This is a couple driver scripts to control a Hadoop developer environment. It has been tested on OS X 10.8.5, Java 10.7, and Cloudera CDH4 and CDH5. It is designed to work with both running Hadoop on the local machine as well as a remote cluster.

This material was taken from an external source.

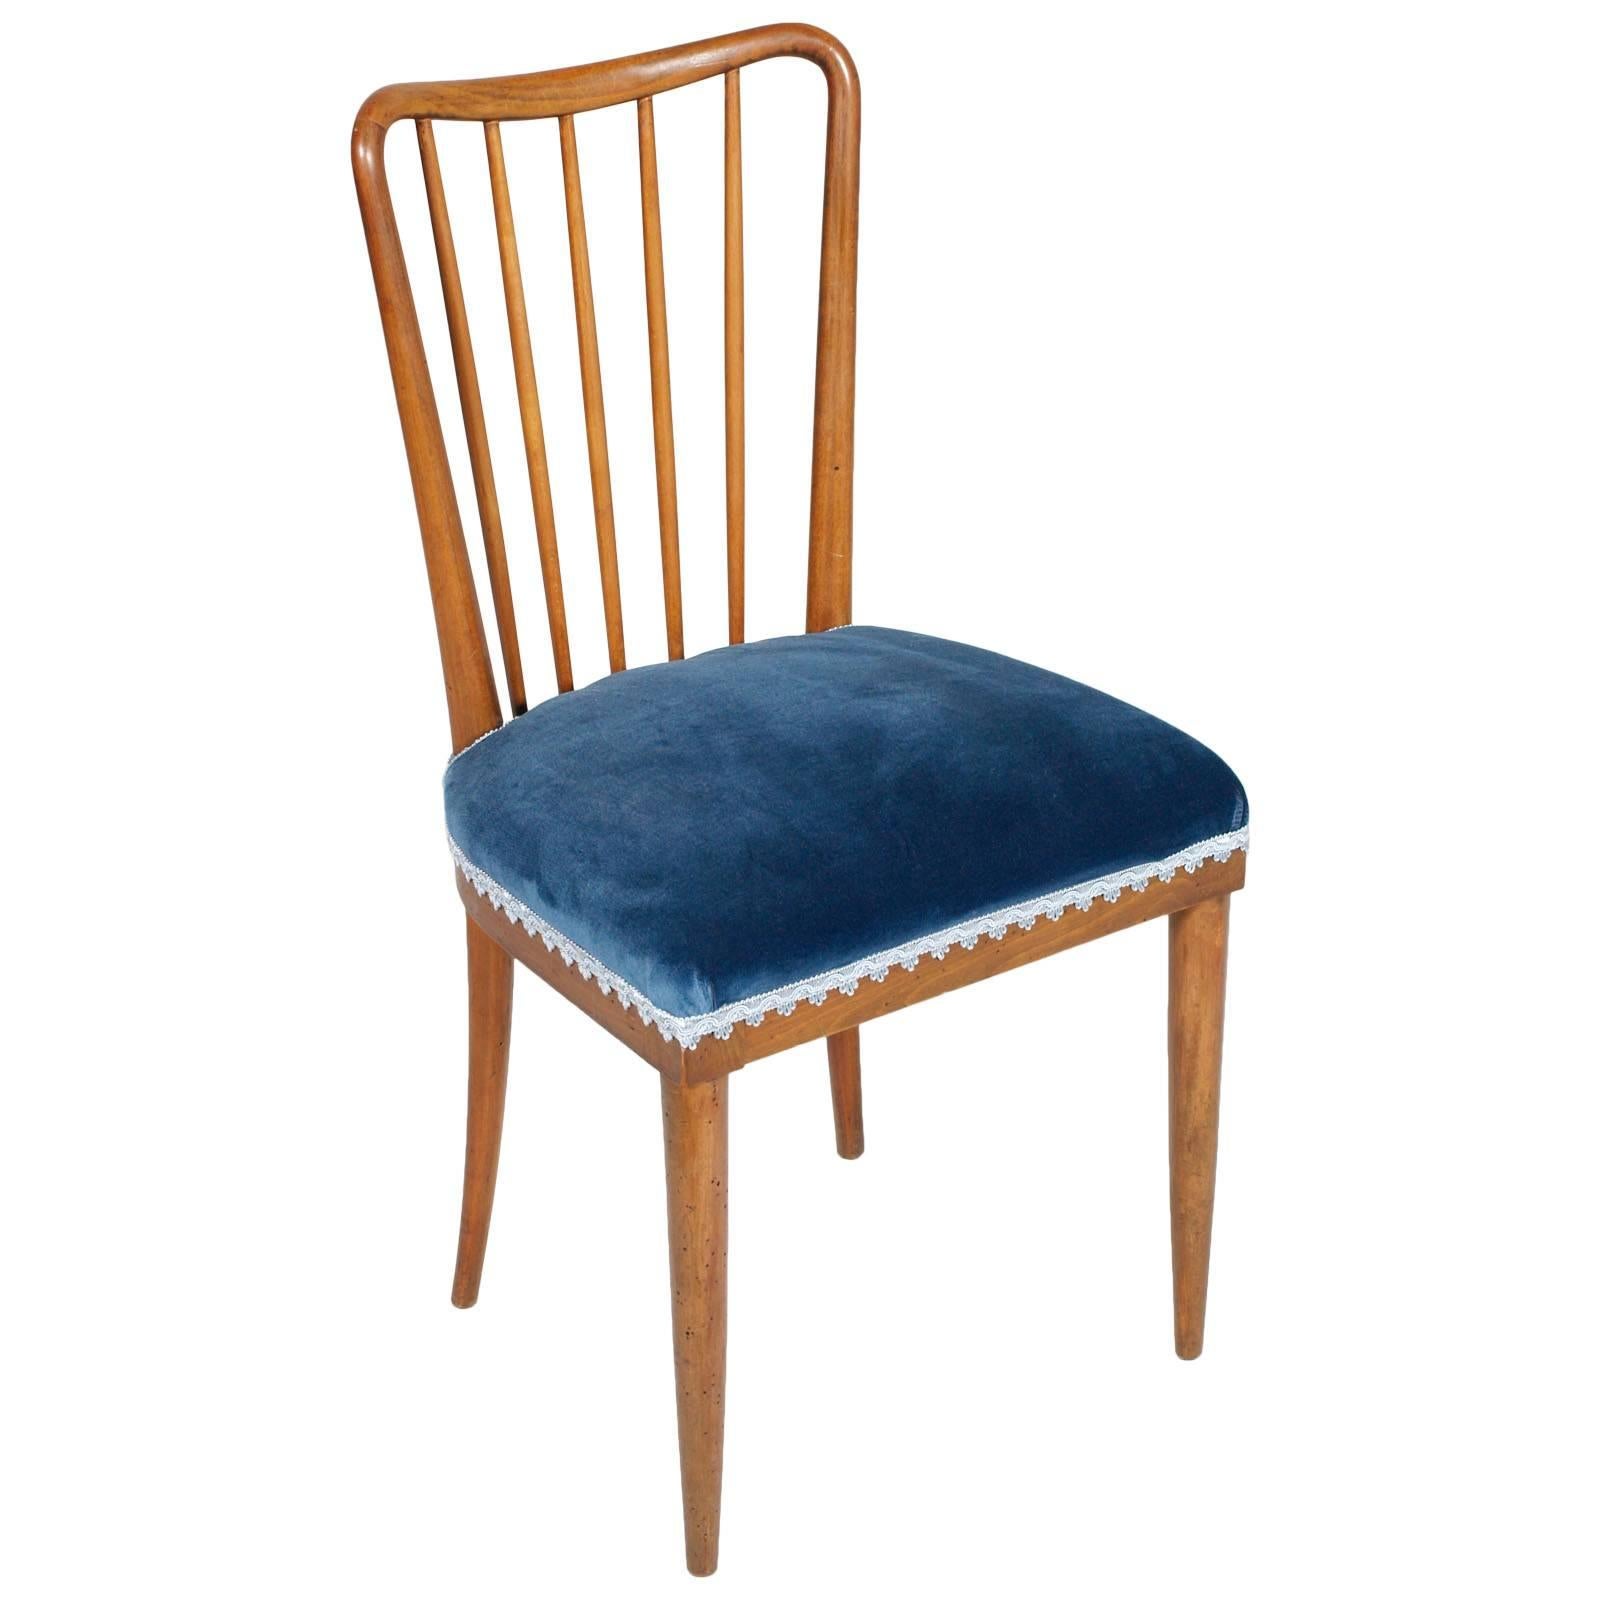 Mid-Century Modern 1950s Paolo Buffa side chairs in blond walnut, restored with new upholstery in blue velvet as in the original.

Measures in cm: H 48/92, W 50, D 47.

Before we can run Hadoop, we need to download and format an HDFS filesystem. This can be automatically done by running:
% ./bin/hadoop-dev-env run local-cdh5.0.0 hadoop namenode -format
There's one last thing we have to do before we start the services. First we need to be able to ssh into the machine. Here's an example on how to set it up:
% ssh-keygen -t rsa
...
% cat ~/.ssh/id_rsa.pub >> ~/.ssh/authorized_keys
Next, the JAVA_HOME
environment variable must be set such that if you run
this command, you will get a result:
% ssh localhost env | grep JAVA_HOME
JAVA_HOME=/Library/Java/JavaVirtualMachines/jdk1.7.0_25.jdk/Contents/Home
How you do this depends on which shell you use. You need to add:
export JAVA_HOME=$(/usr/libexec/java_home)
To either ~/.bash_profile
if you bash
, or ~/.zshenv
if you use zsh
.
All the Hadoop services can be started by running:
% ./bin/hadoop-dev-env start local-cdh5.0.0
To confirm Hadoop is working correctly, run:
% ./bin/hadoop-dev-env run local-cdh5.0.0 hadoop fs -mkdir -p /user/$USER
% echo "hey\nthere" > test
% ./bin/hadoop-dev-env run local-cdh5.0.0 hadoop fs -put test
% rm test
% cd
% ./bin/hadoop-dev-env run local-cdh5.0.0./bin/hadoop jar \
~/versions/hadoop-2.3.0-cdh5.0.0/share/hadoop/mapreduce2/hadoop-mapreduce-examples-2.3.0-cdh5.0.0.jar \
grep test output hey
All the Hadoop services can be stopped by running:
% ./bin/hadoop-dev-env stop local-cdh5.0.0
Additional clusters can be setup by modifying the ~/.hadoop-dev-env/config
config file. Here is an example on how to connect to remote clusters:
{
"local-cdh5.0.0": {
"local": true,
"version": "cdh5.0.0",
"config_dir": "~/.hadoop-dev-env/conf/local-cdh5.0.0",
"libs": ["hadoop", "hbase", "zookeeper"]
},
"cluster1": {
"version": "cdh5.0.0",
"config_dir": "~/.hadoop-dev-env/conf/cluster1",
"libs": ["hadoop", "hbase", "zookeeper"]
},
"cluster2": {
"version": "cdh4.4.0",
"config_dir": "~/.hadoop-dev-env/conf/cluster2",
"libs": ["hadoop"]
}
}